(Task item) What you return must match the records word for word, except that images are dropped.

(Stored dataset items)
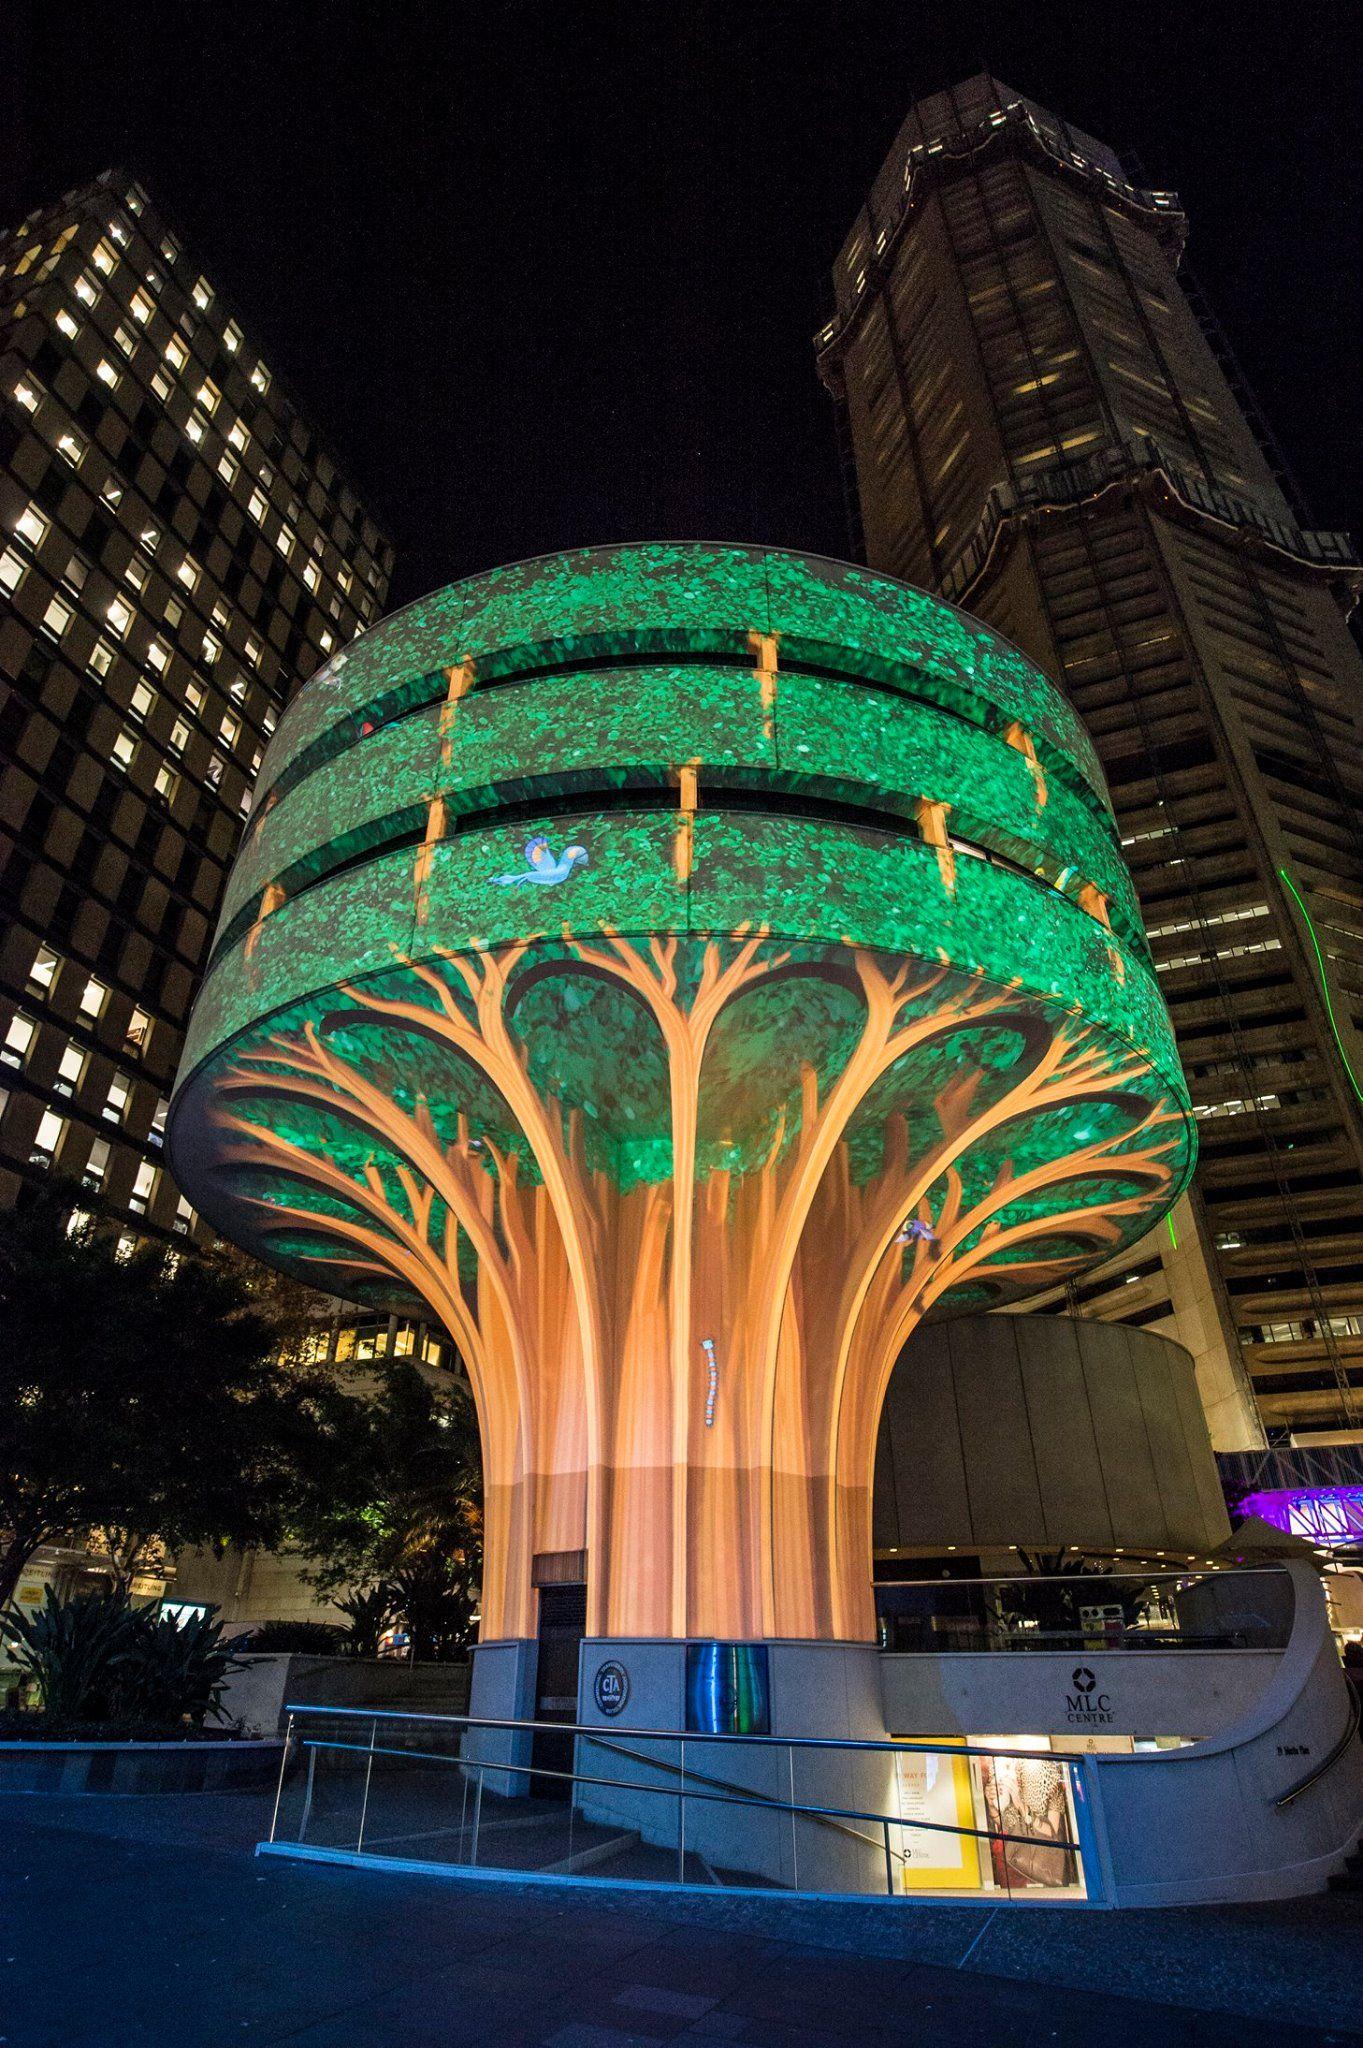 Downtown Sydney Transformed by Light for Vivid Sydney  Sydney projection light exhibition
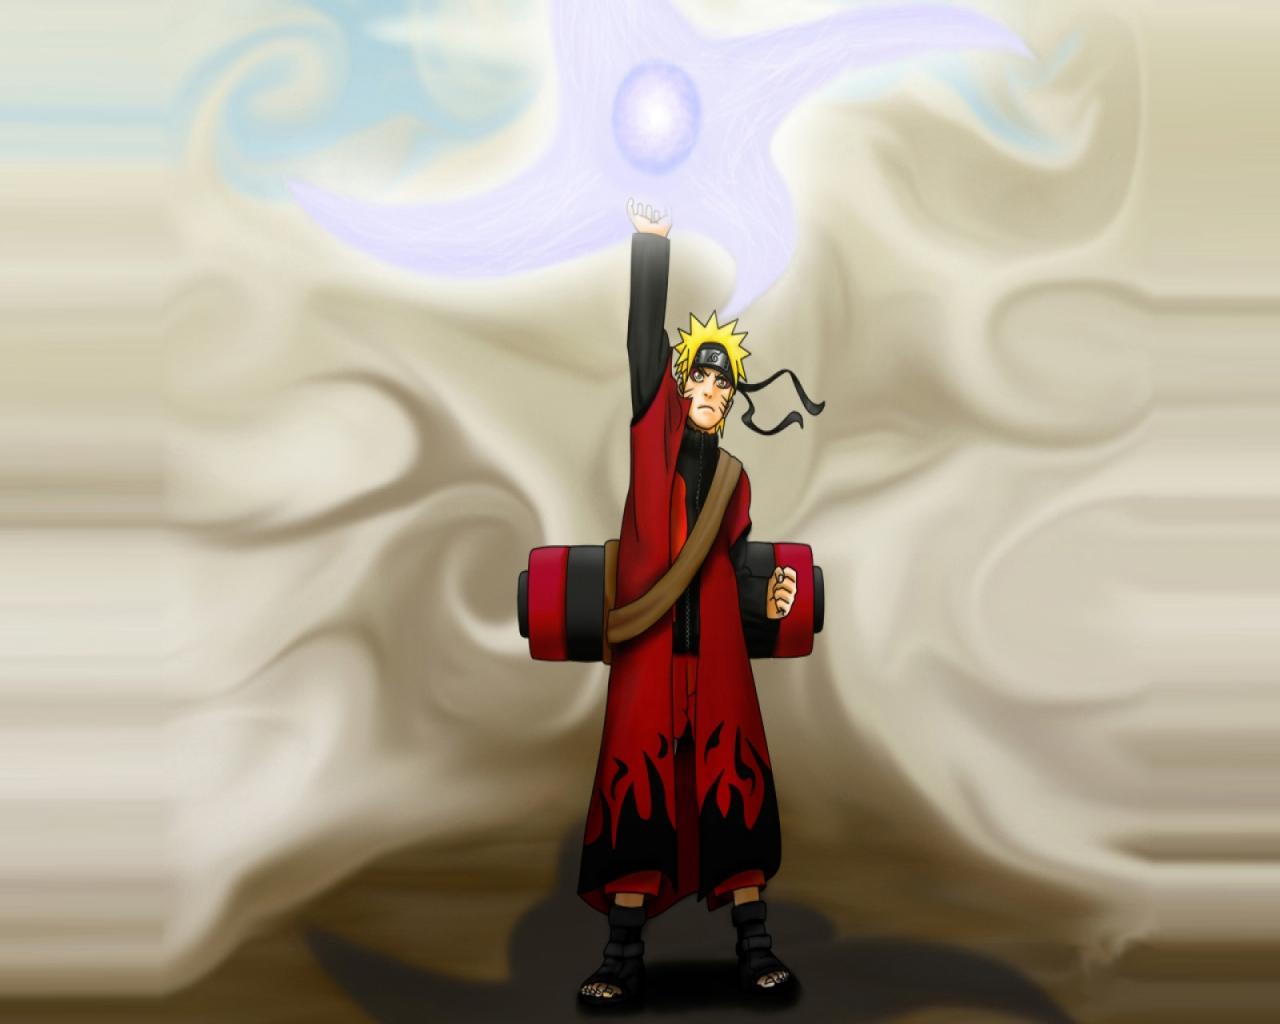 Bp Blogspot Com Czxyfeoum Tsvdpgl_i Naruto Shippuden Wallpaper Naruto Sage Mode
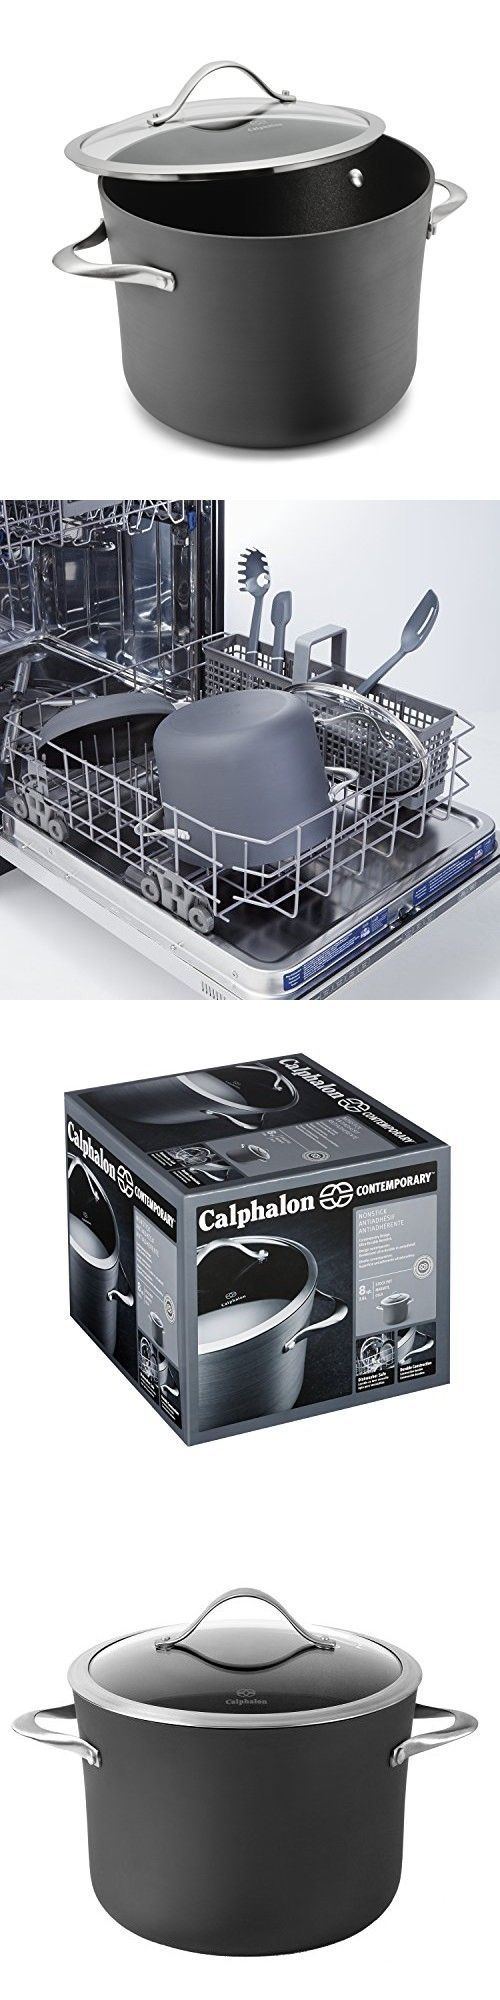 Calphalon Contemporary Hard-Anodized Aluminum Nonstick Cookware, Stock Pot, 8-quart, Black
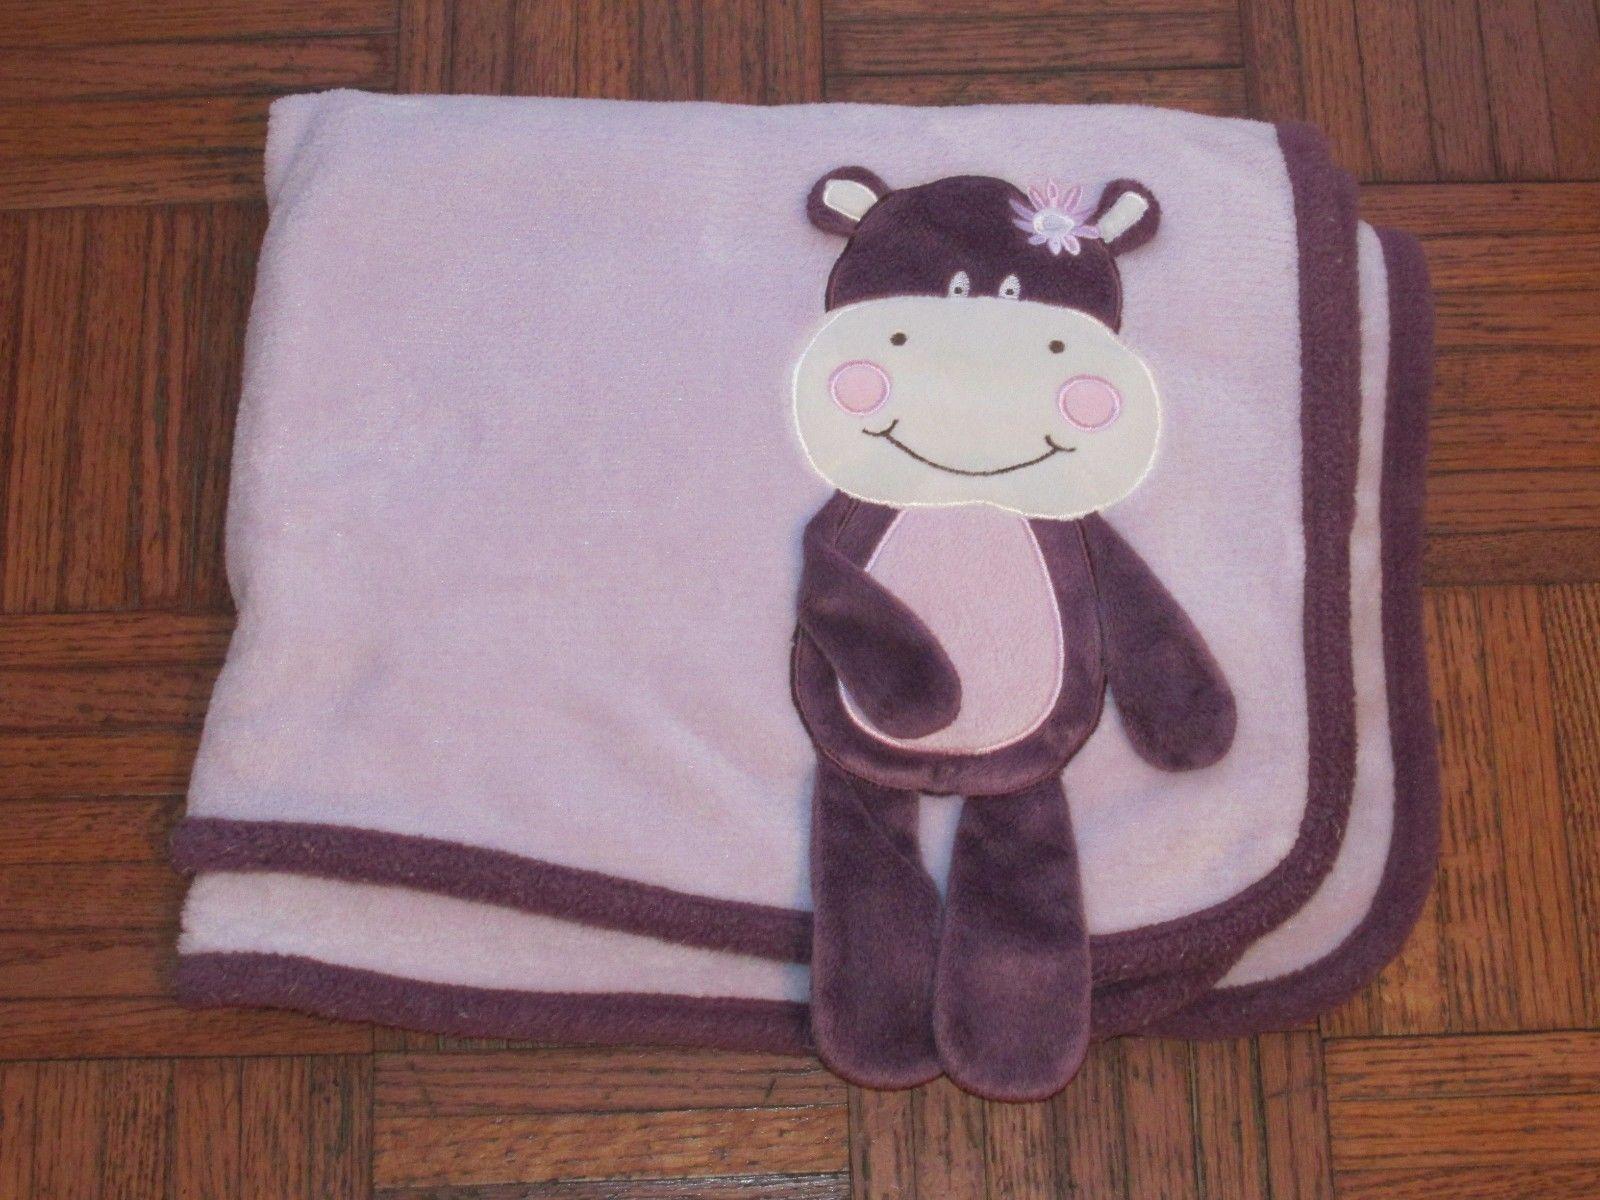 a8d3dd5e6 Koala Baby Babies R Us Lilac Purple Hippo and 50 similar items. S l1600
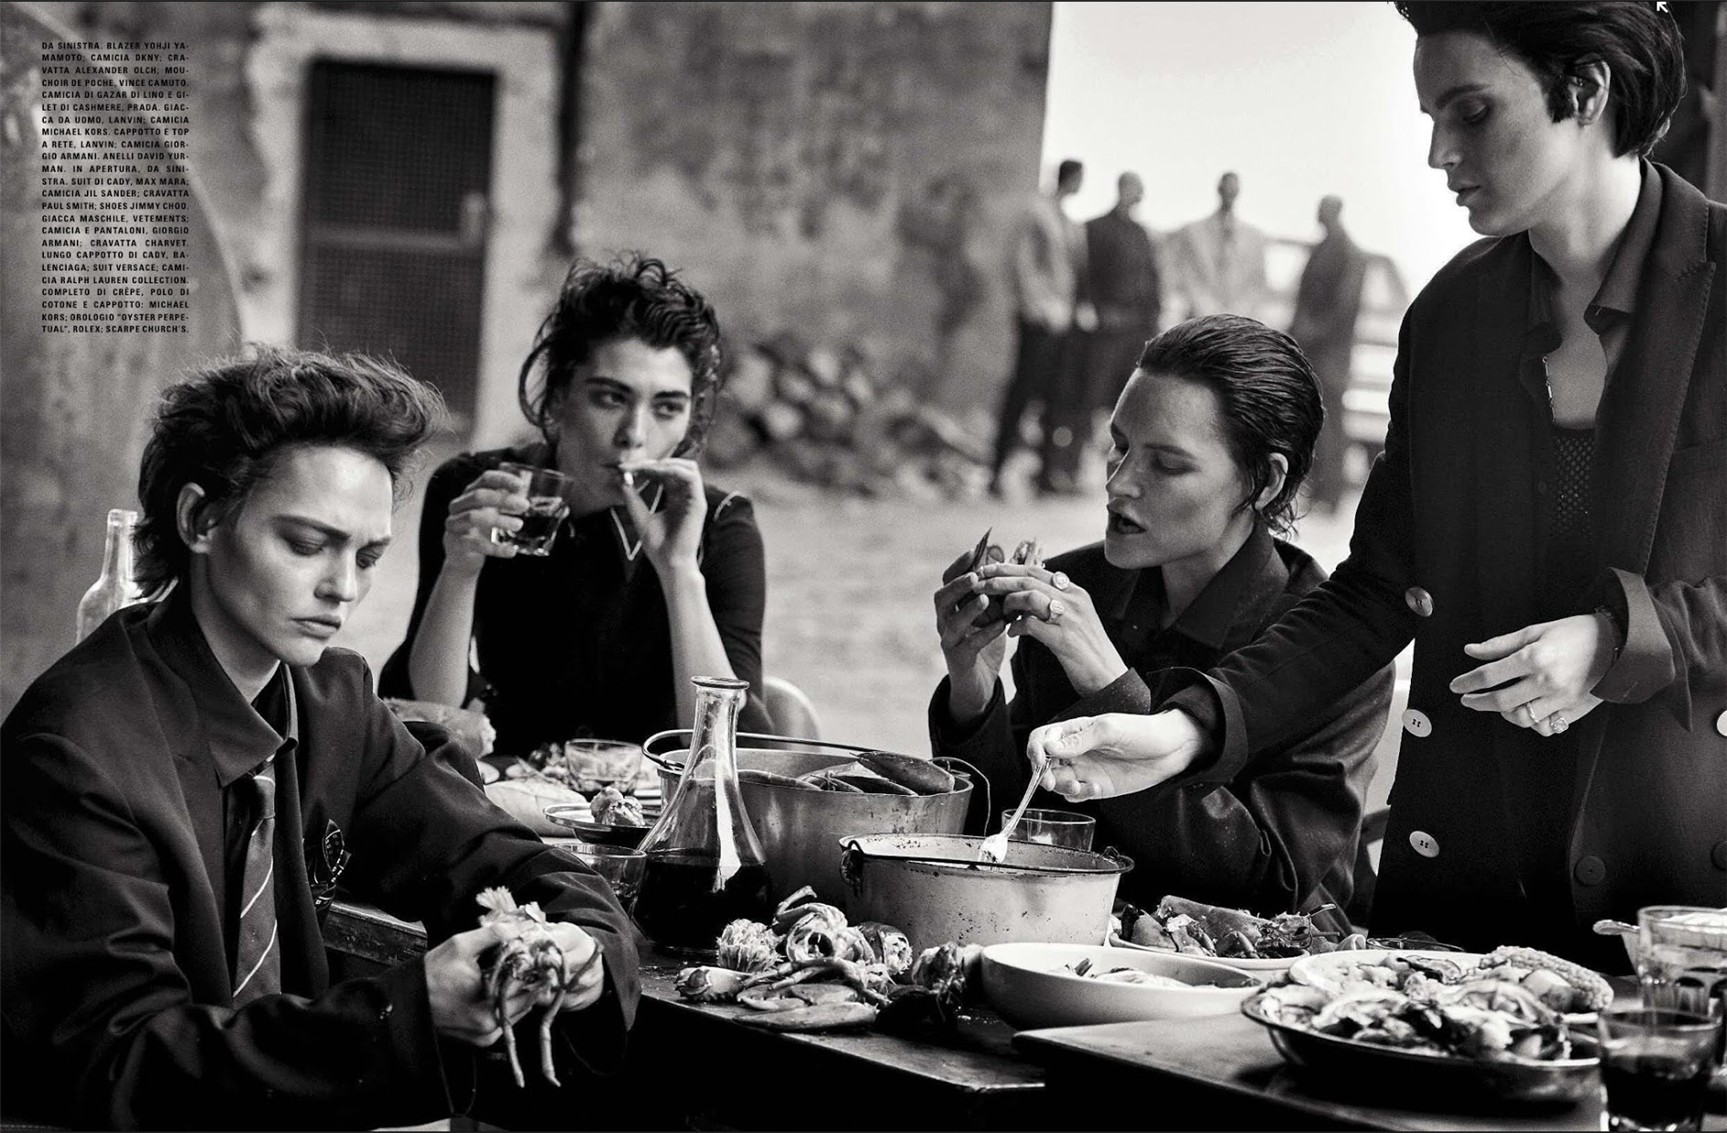 Sasha Pivovarova, Guinevere Van Seenus, Steffy Argelich, Kirsten Owen / Lunch in Brooklyn by Peter Lindbergh in Vogue Italia may 2015

(Response for this exercise)
 Downtown Sydney Transformed by Light for Vivid Sydney  Sydney projection light exhibition
 Bp Blogspot Com Czxyfeoum Tsvdpgl_i Naruto Shippuden Wallpaper Naruto Sage Mode
 Calphalon Contemporary Hard-Anodized Aluminum Nonstick Cookware, Stock Pot, 8-quart, Black
 a8d3dd5e6 Koala Baby Babies R Us Lilac Purple Hippo and 50 similar items. S l1600
 Sasha Pivovarova, Guinevere Van Seenus, Steffy Argelich, Kirsten Owen / Lunch in Brooklyn by Peter Lindbergh in Vogue Italia may 2015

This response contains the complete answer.